=== INPUT DATA ===
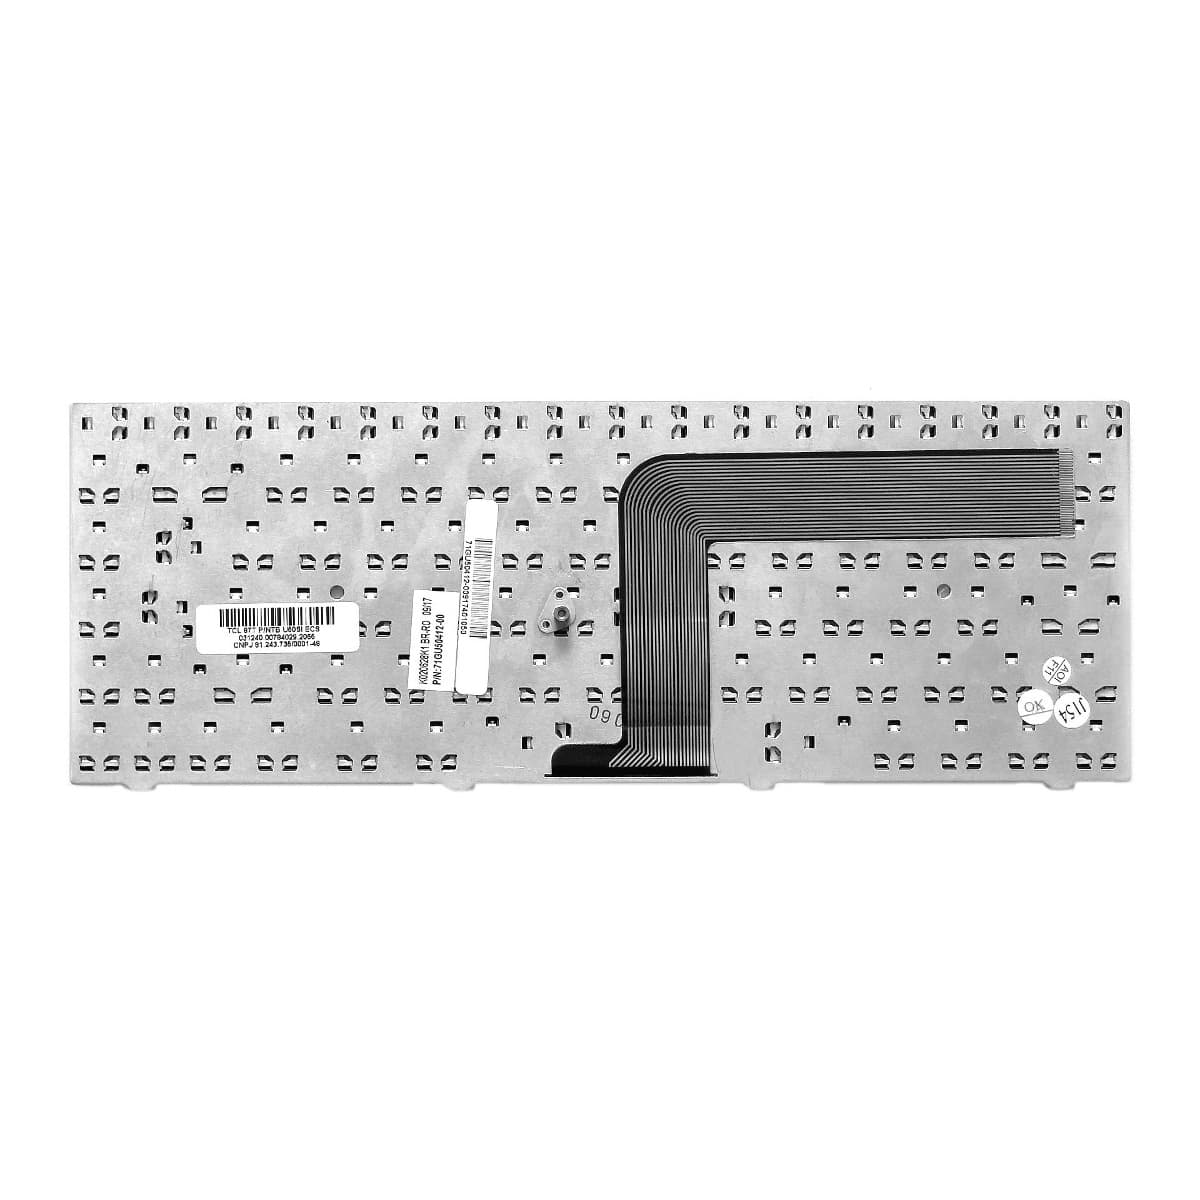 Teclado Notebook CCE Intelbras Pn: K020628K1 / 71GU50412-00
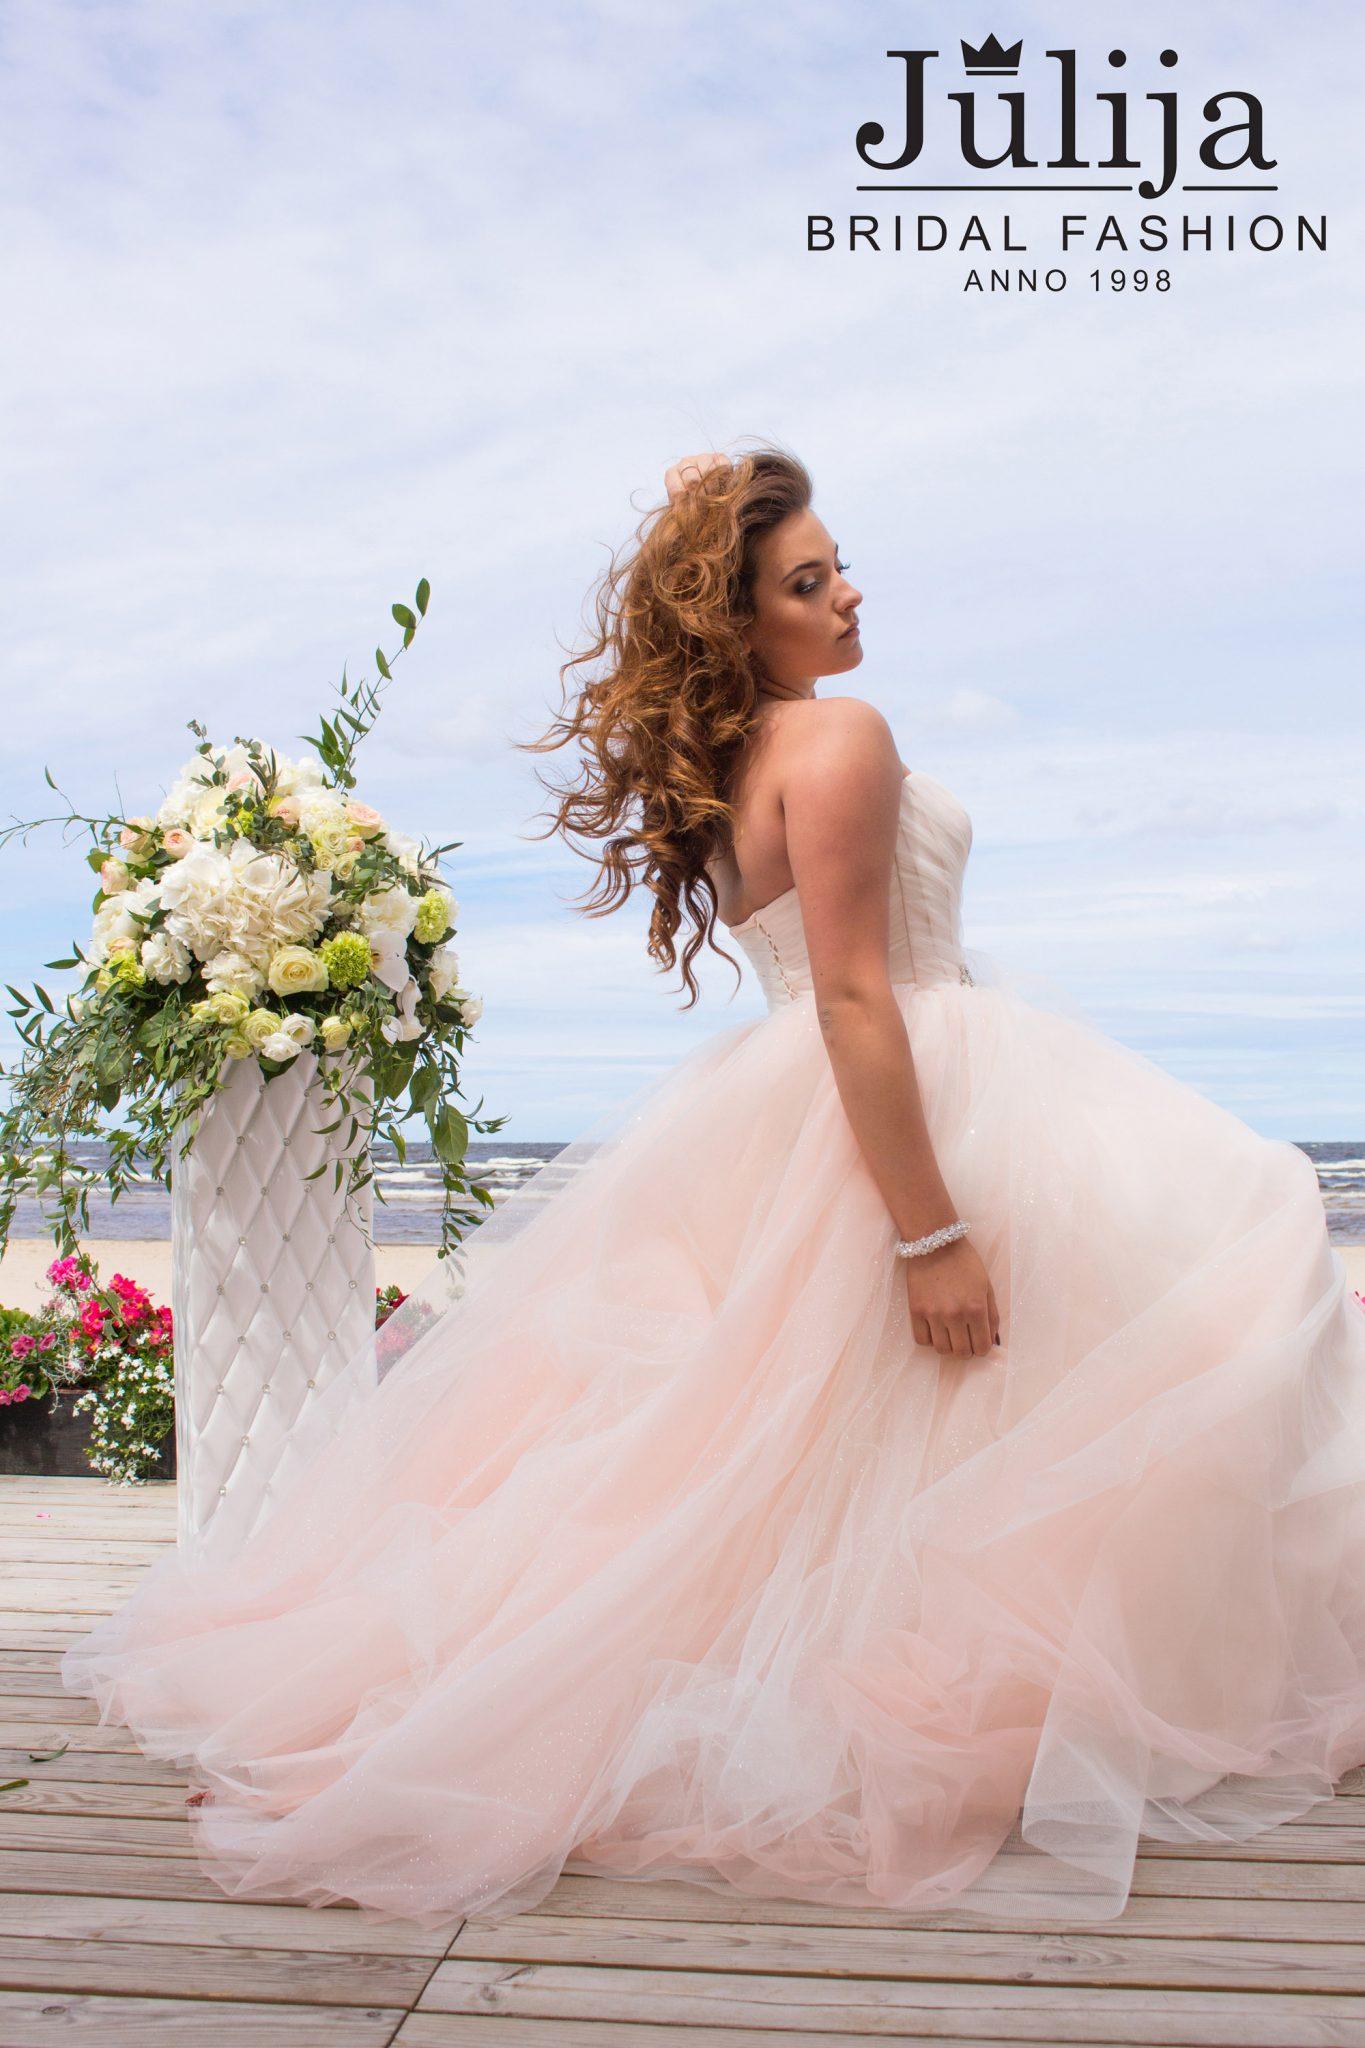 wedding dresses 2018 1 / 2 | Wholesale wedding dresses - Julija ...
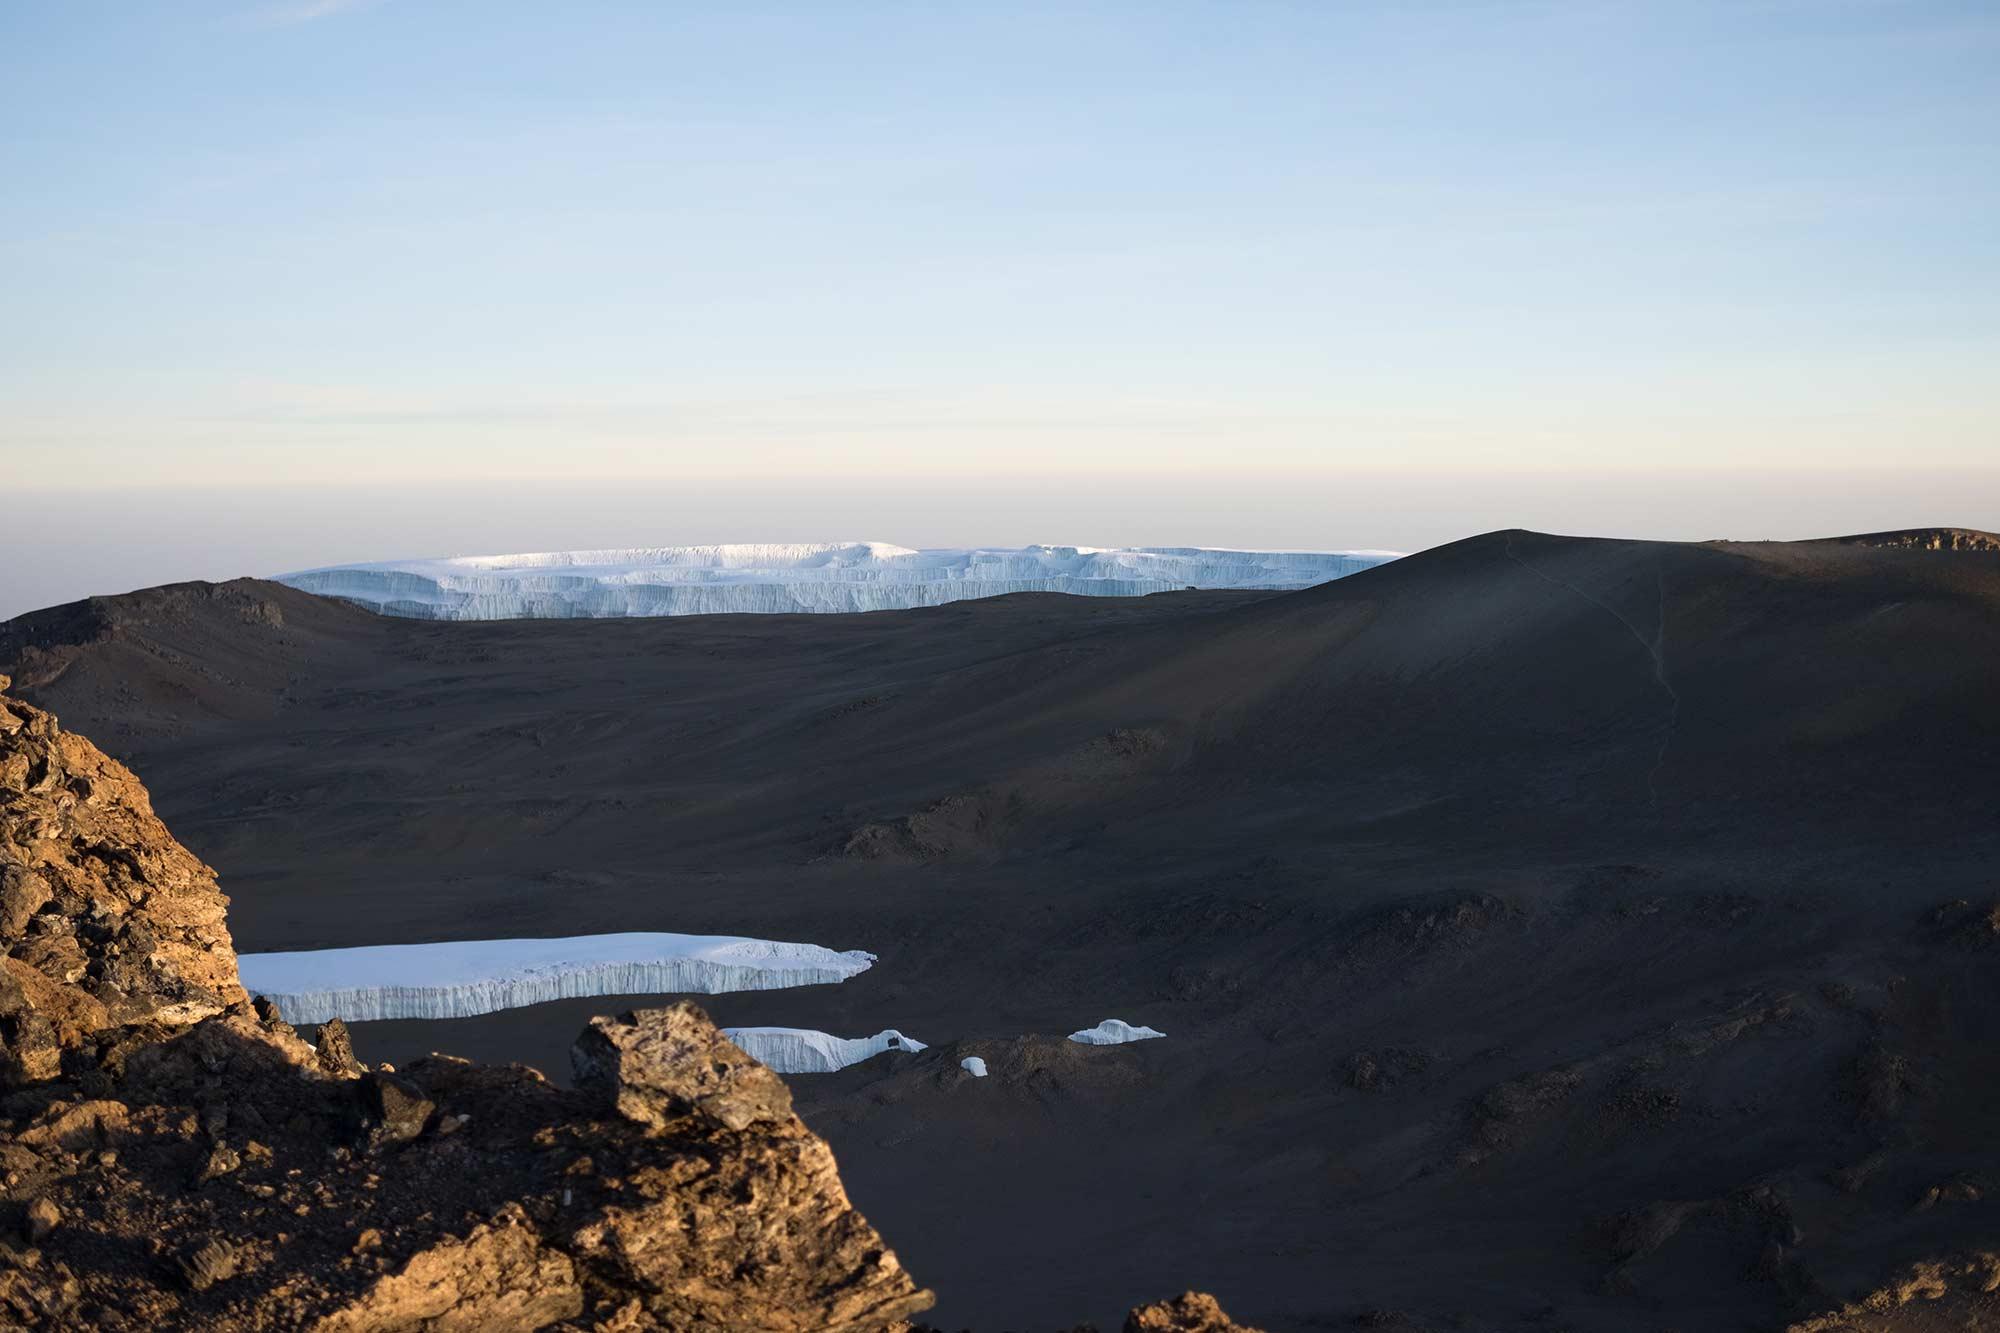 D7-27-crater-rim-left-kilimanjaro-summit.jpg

=== EXERCISE REQUIREMENTS ===
For this exercise, output only the lines from the one bearing "wedding dresses 2018" to the end of the material above, exactly as written, with pictures left out.

=== SOLUTION FOR THIS TASK ===
 wedding dresses 2018 1 / 2 | Wholesale wedding dresses - Julija ...
 D7-27-crater-rim-left-kilimanjaro-summit.jpg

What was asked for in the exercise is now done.